Why are structures in the empty language non-empty sets?

Question

That's my question really.

Why sets, and why do they have to be non-empty?

How can an empty language have structures at all?

Answer 1

Logic statements are meant to be about objects. What objects? Well, that's what a structure determines. But, in general, it's about some objects ... a 'bunch of' objects. So, a set works pretty darn well for that.

Why non-empty? First, in free logics the domain can actually be empty. But, you're right, we typically require the domain to be non-empty, i.e. be a non-empty set. This has some important practical consequences. For one, it makes many proof systems work. For another, you can infer $\exists x \ \varphi(x)$ from $\forall x \ \varphi(x)$. and finally, it is a pretty innocuous assumption to assume that your domain is non-empty. So, high benefit and low cost to assuming your domain is non-empty.

Finally, how does this the assumption of a non-empty domain square with an empty language? Indeed, how can we talk about anything at all with an empty language?

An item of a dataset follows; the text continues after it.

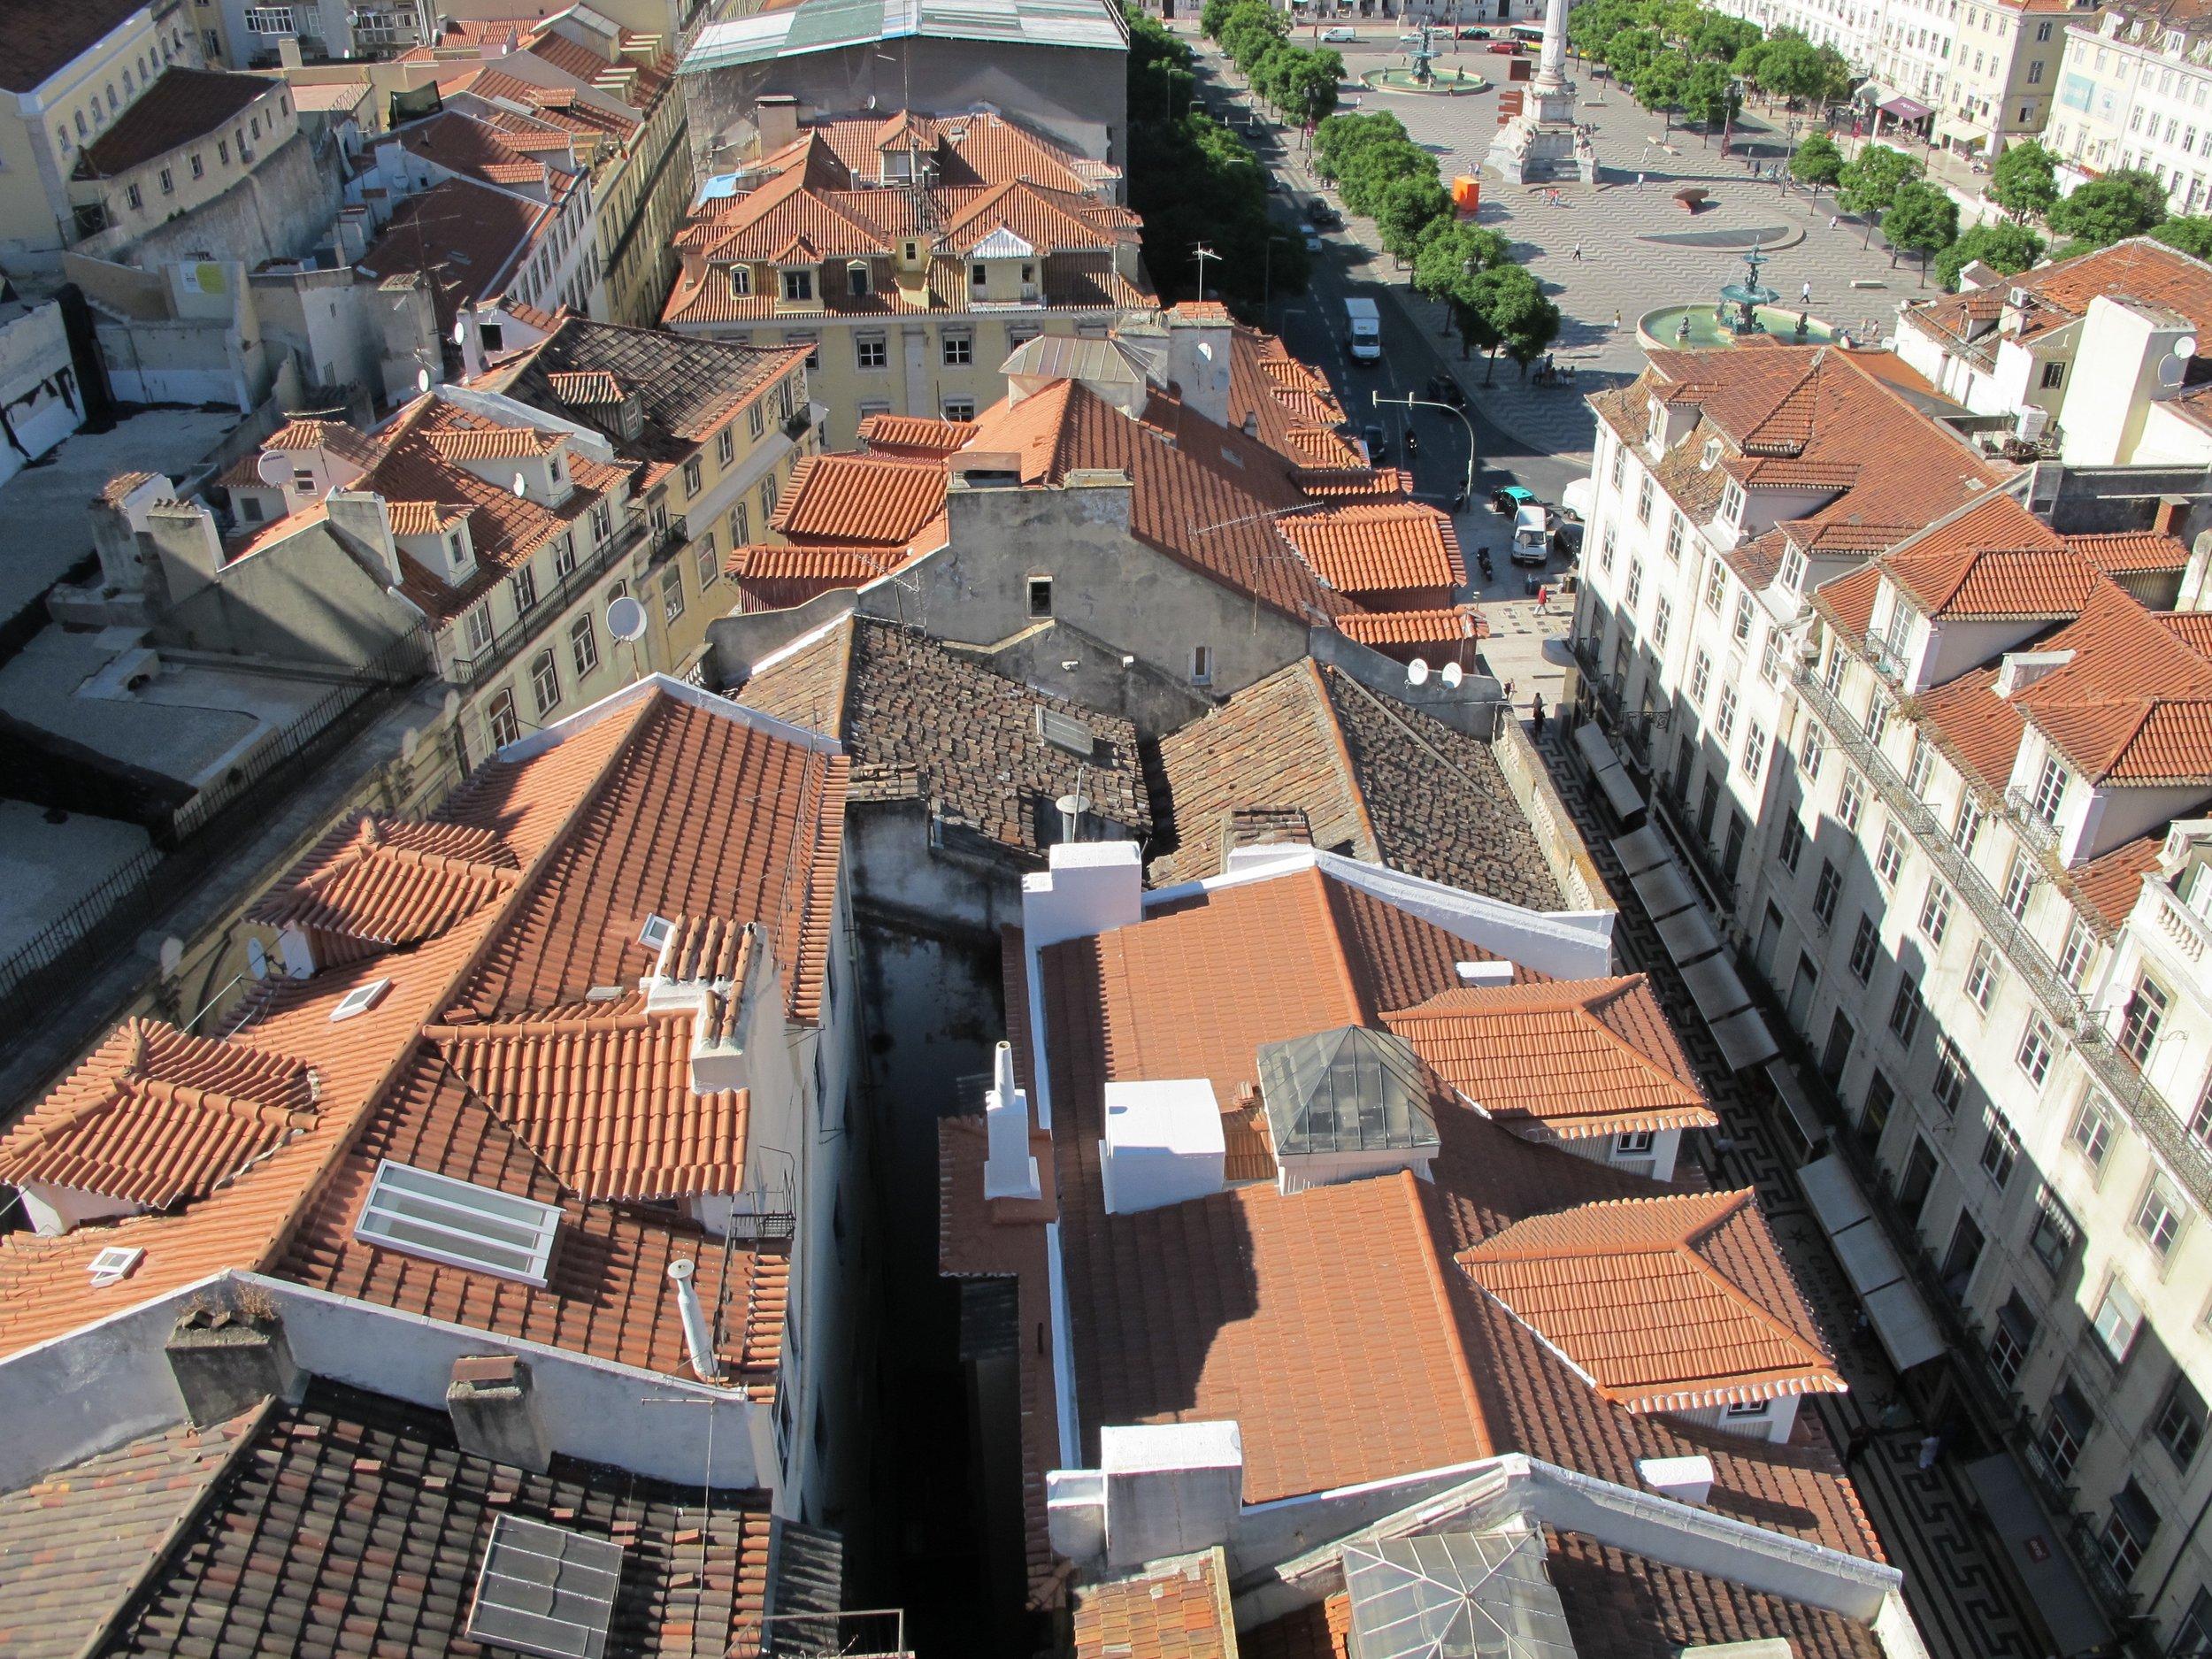 Building-rooftops.jpg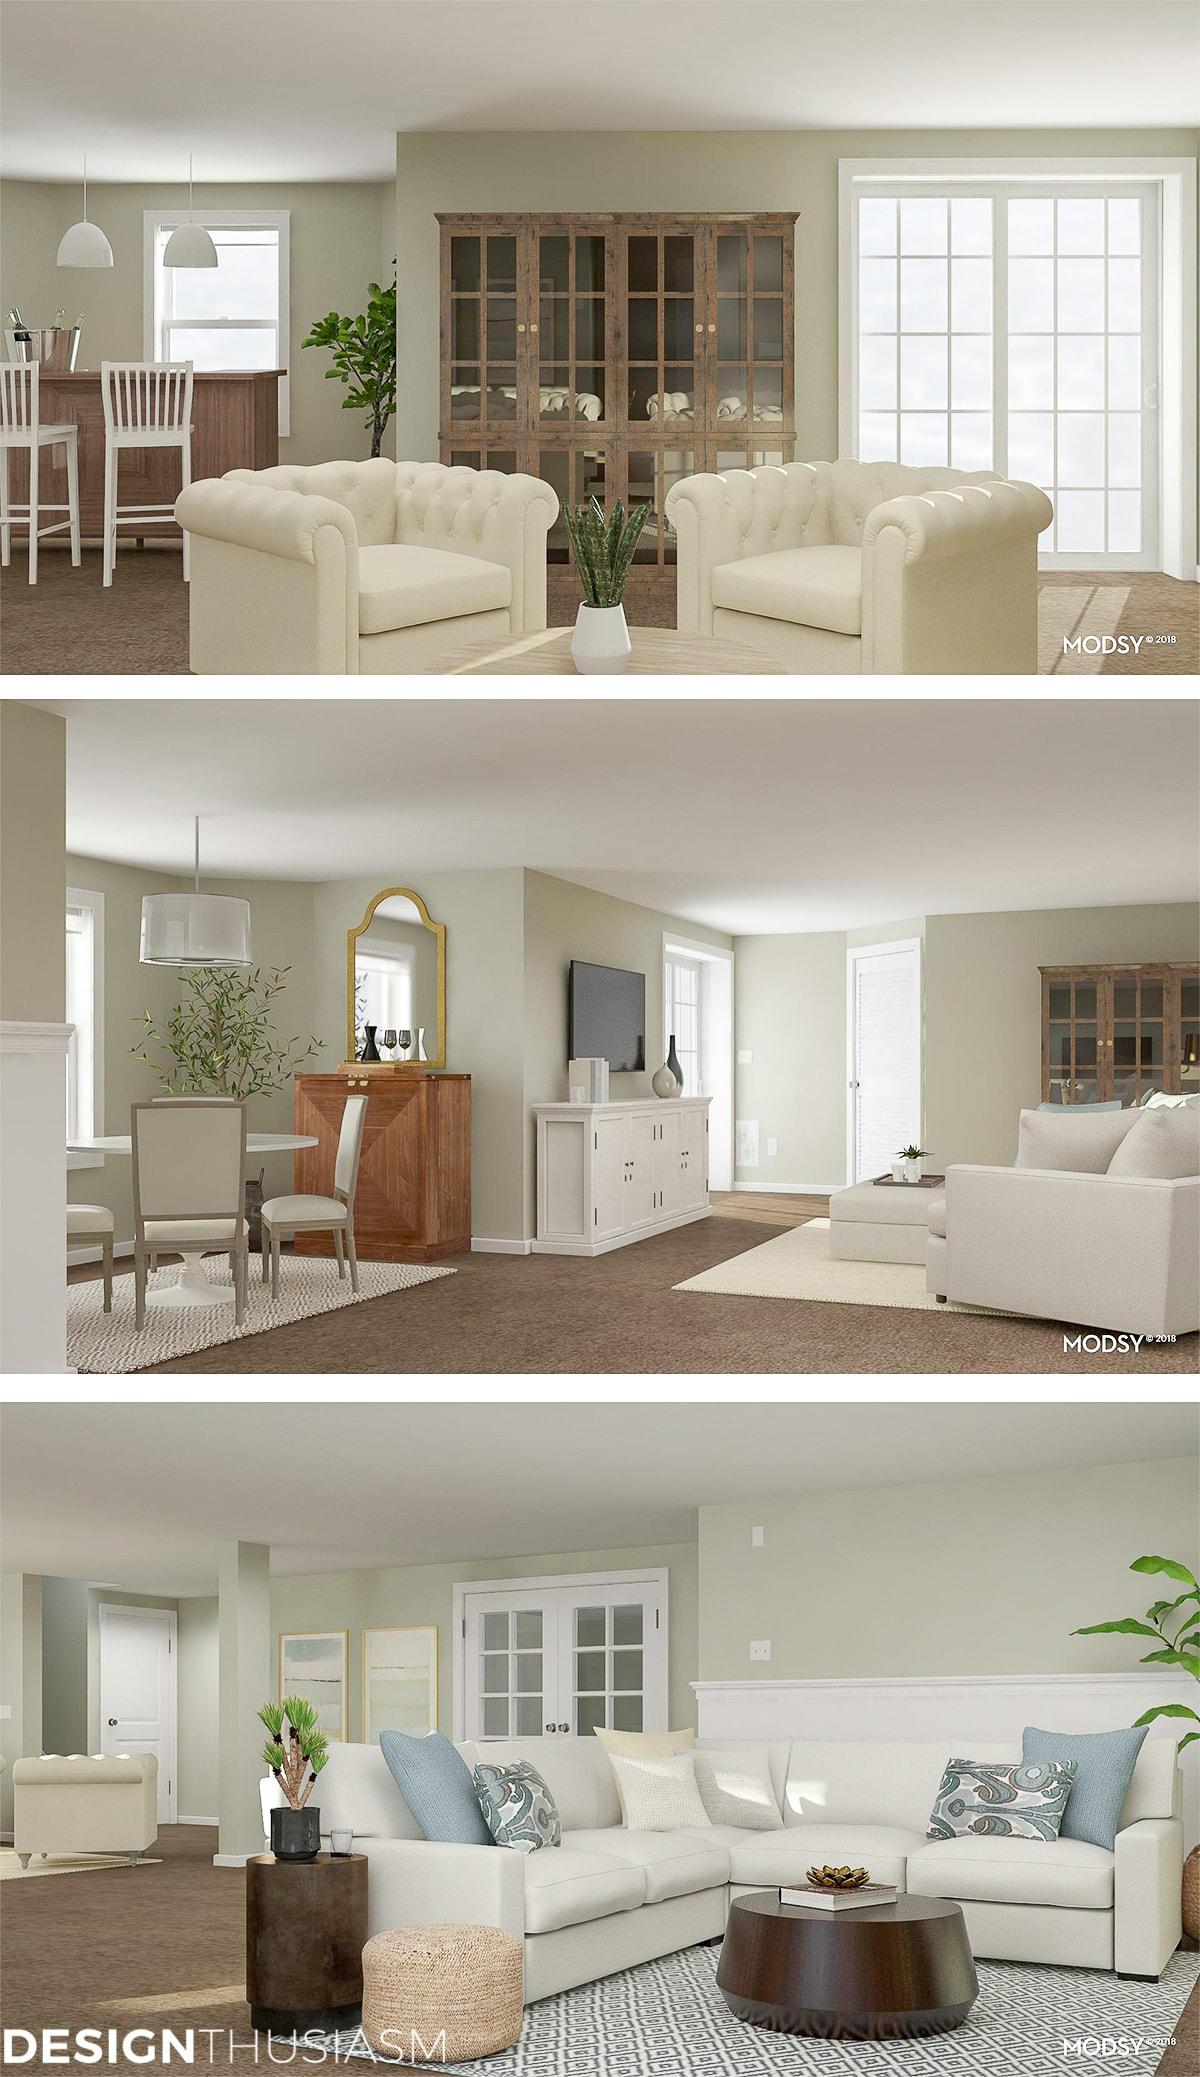 Designthusiasm- Home Style Saturday

Well, the first thing to note is that having an empty language does not mean that you don't have any symbols to work with at all. Indeed, the purely logical operators, like $\land$, $\neg$, and $\forall$ are always part of your language. It's just that there are non non-logical symbols, like $P$ or $a$.

In fact, we always have variables as part of predicate logic, and we would like them to have somethng to refer to, and a non-empty domian helps us to do so.

Also, remember that there is the $=$ (identity) predicate as part of the logical language as well. And, using that predicate, we can create statements to force the domain to contain certain specific number of objects, such as 'at least two', 'at most six', or 'either exactly four or exactly thirteen'. So, even with an empty language we can already force our domain to be a certain way.